Horton identifies three types of people who suddenly felt the urge to buy a home: families who felt locked up in their current families; millennials who have saved up money while living with their parents or in an apartment; expats from California and other countries looking for a coveted but (relatively) affordable place to live in the state, again without income tax. “And the money went with that,” she says. Buyers, especially those from other states, “saw the value of a home depending on where they came from, and they were more than willing to pay the difference. And so the trading frenzy began. “
Collectively, demand soon far outstripped supply, resulting in charts similar to the Zillow chart. Market Review for Austin and the surrounding suburb of Round Rock: steady growth over eight years, followed by explosive hockey stick-style growth this year and next. Zillow predicts that by May 2022, the average home price will double compared to March 2019; if anything, it seems conservative.
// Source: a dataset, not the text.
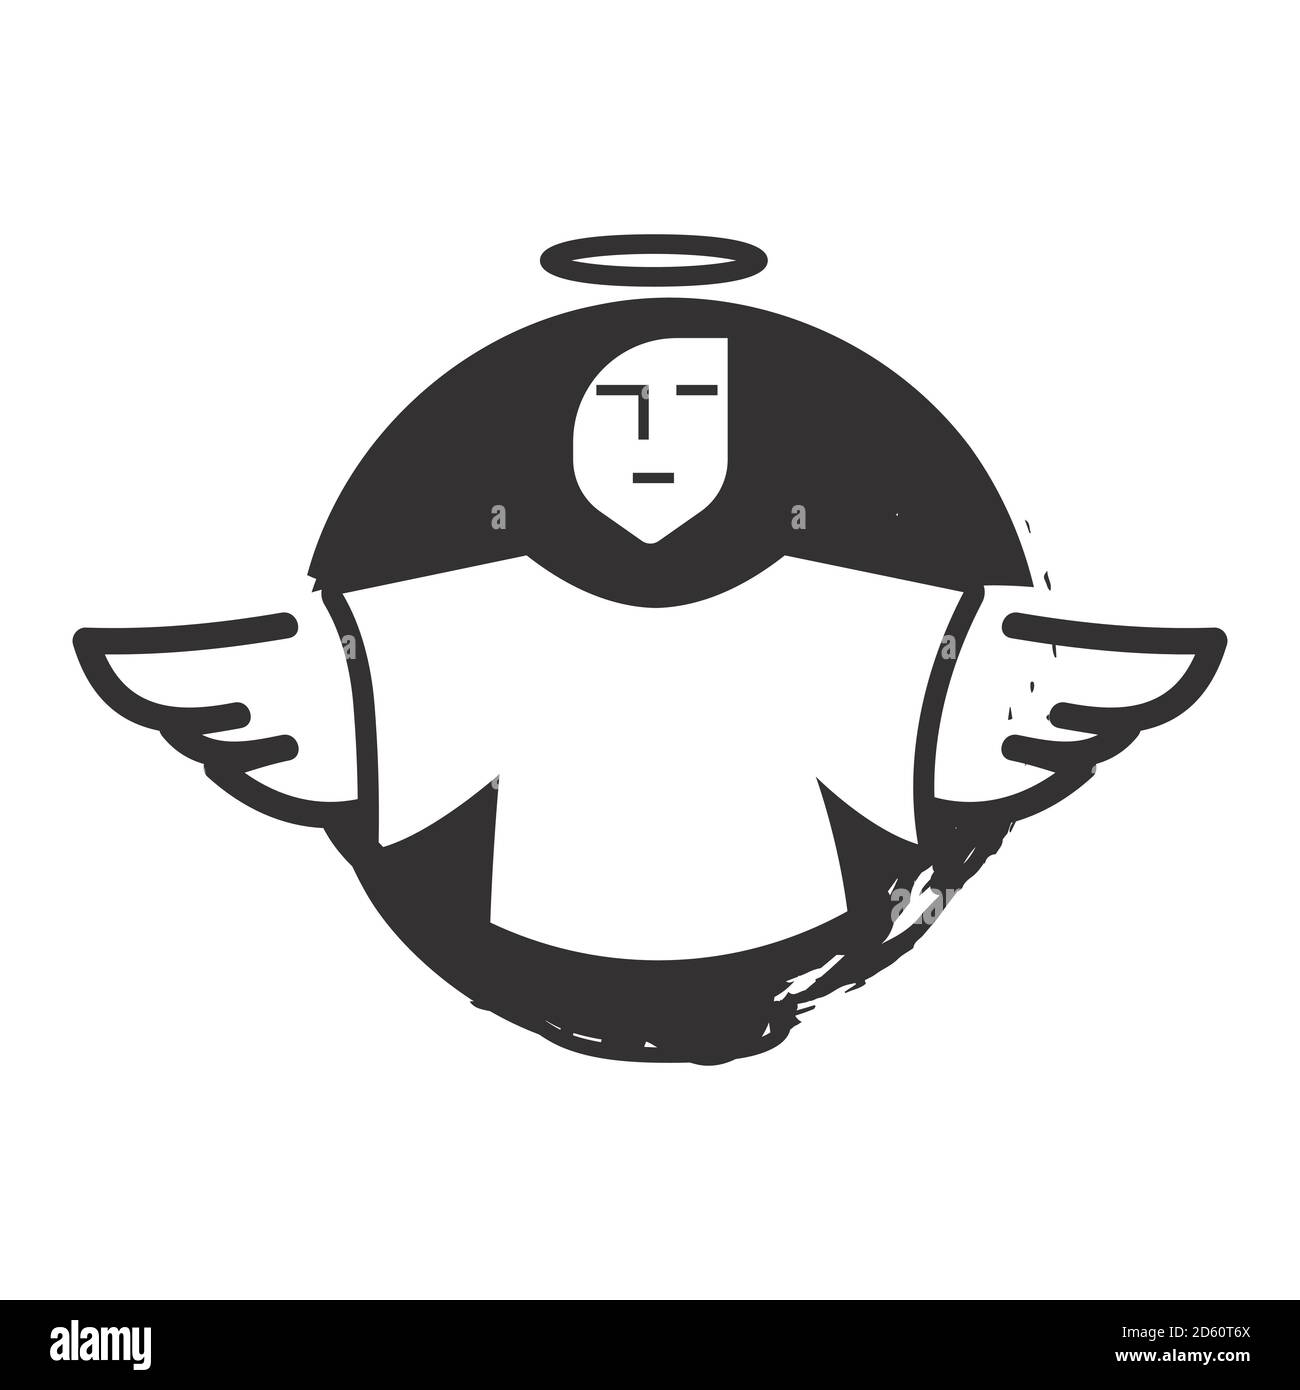 creative custom man with wings for angel  logo design inspiration vector illustration Stock Vector

Anyone who’s been to Manhattan or the Bay Area knows this part of the story: The poor were effectively expelled from Austin – the Department of Housing and Urban Development estimates the median national income for a family at $ 79,000. Based on traditional principles, such as setting aside 28 percent of their income for mortgage payments or buying a home that costs between two and two and a half of your annual salary, this means that the average family can afford a house for about $ 150,000 to $ 275,000. – hardly. half the average selling price of a home in Austin right now. Calculate the numbers however you want, and the result is the same: the average American family cannot buy a home in Austin. This includes the area public school teacherswhich start at $ 51,000 and peak in the 60s. “The days of the $ 250,000 single-family home in Austin are over,” said Vaike O’Grady, regional director of housing research firm Zonda. Or how Monthly in Texas Editor Forrest Wilder tweeted: “The people featured in the chronicle understandably continue to say this trend is unsustainable. I understand, but check the average price of a house in San Francisco: it’s $ 1.8 million. Austin has ways to get there, but why couldn’t it happen?
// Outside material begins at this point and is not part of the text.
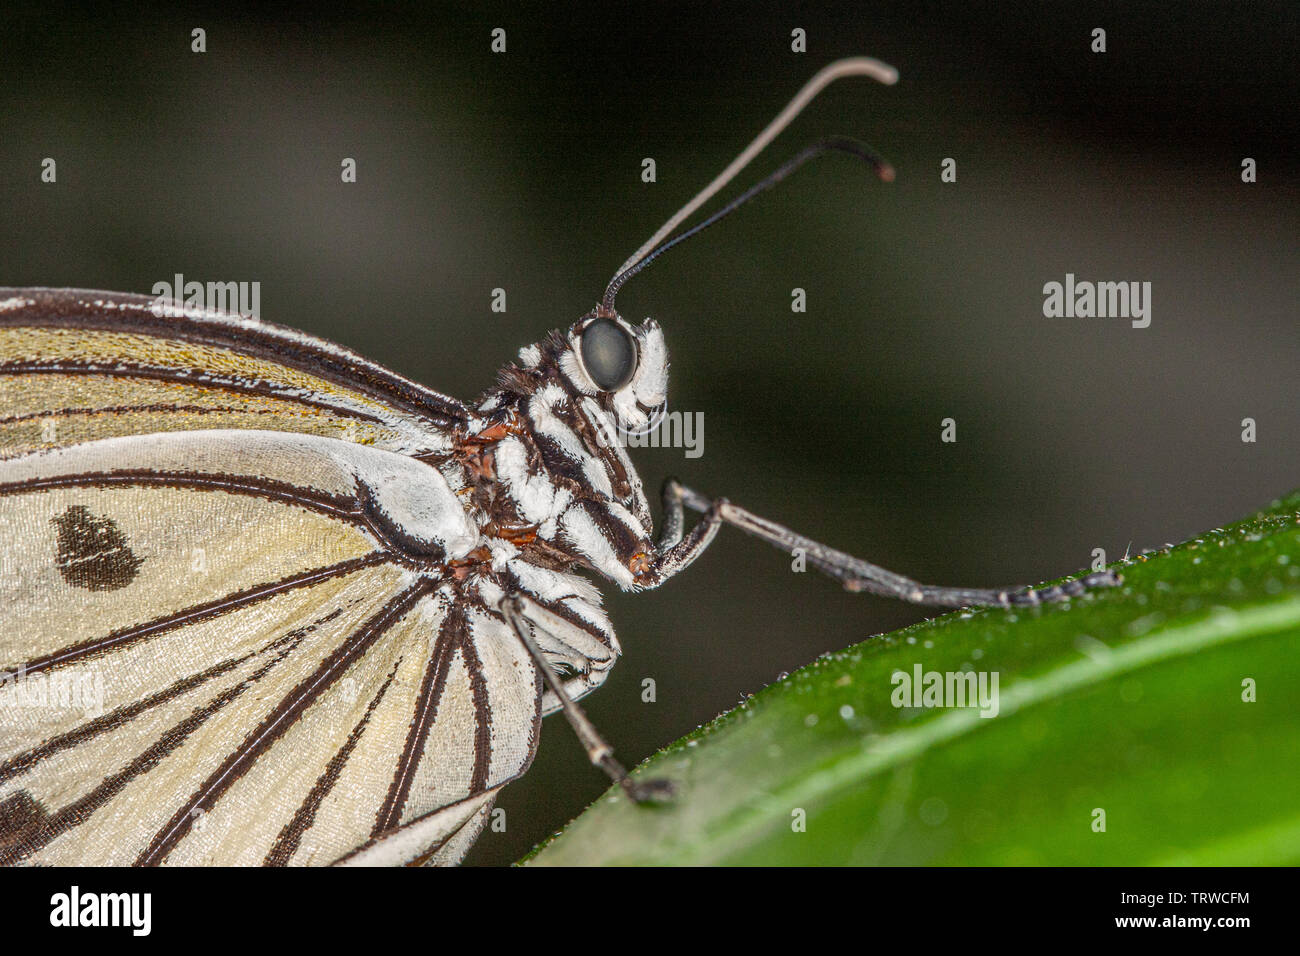 Reispapier Schmetterling (Idee Leuconoe) Stockfoto

At the moment, apart from unforeseen circumstances, it is difficult to imagine anything that could cool the market. These employees from Oracle, Apple and Tesla have yet to arrive. (The city already has low unemployment, so it is unlikely to be able to provide all the necessary workers.) In 2020, the city built about 20,000 new homes, which is enough to rank fifth in the country, but not enough to keep up. with growth rates. influx of new arrivals.
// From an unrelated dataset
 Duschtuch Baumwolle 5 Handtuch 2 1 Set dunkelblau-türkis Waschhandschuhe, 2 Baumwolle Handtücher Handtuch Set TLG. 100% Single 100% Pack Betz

However, according to Zonda, 6,664 new homes were built in the first quarter of this year, which is 27,000 homes a year. And O’Grady notes several other encouraging factors: lumber prices are stabilizing, more than 18,000 future lots are in development (7,000 more than last spring), and it is common knowledge that the city’s permitting process will be supported by some 40 new hires. … City Council. However, she also notes that overworked builders are still limiting their capacity – which she compares to pushing a “watermelon through a pipe” – and even a small increase in supply will not be enough to meet demand. After all, the city grew by 21,223 people in 2020, according to the Austin Department of Housing and Planning, and is projected to grow by almost the same amount in 2020. 2021 g.… (These numbers do not include the adjacent metro area.) This is less growth than the mid-10s peak, but represents growth over the previous two years.
All of this suggests that soon $ 2.6 million for a home in Texas without air conditioning may seem like a bargain.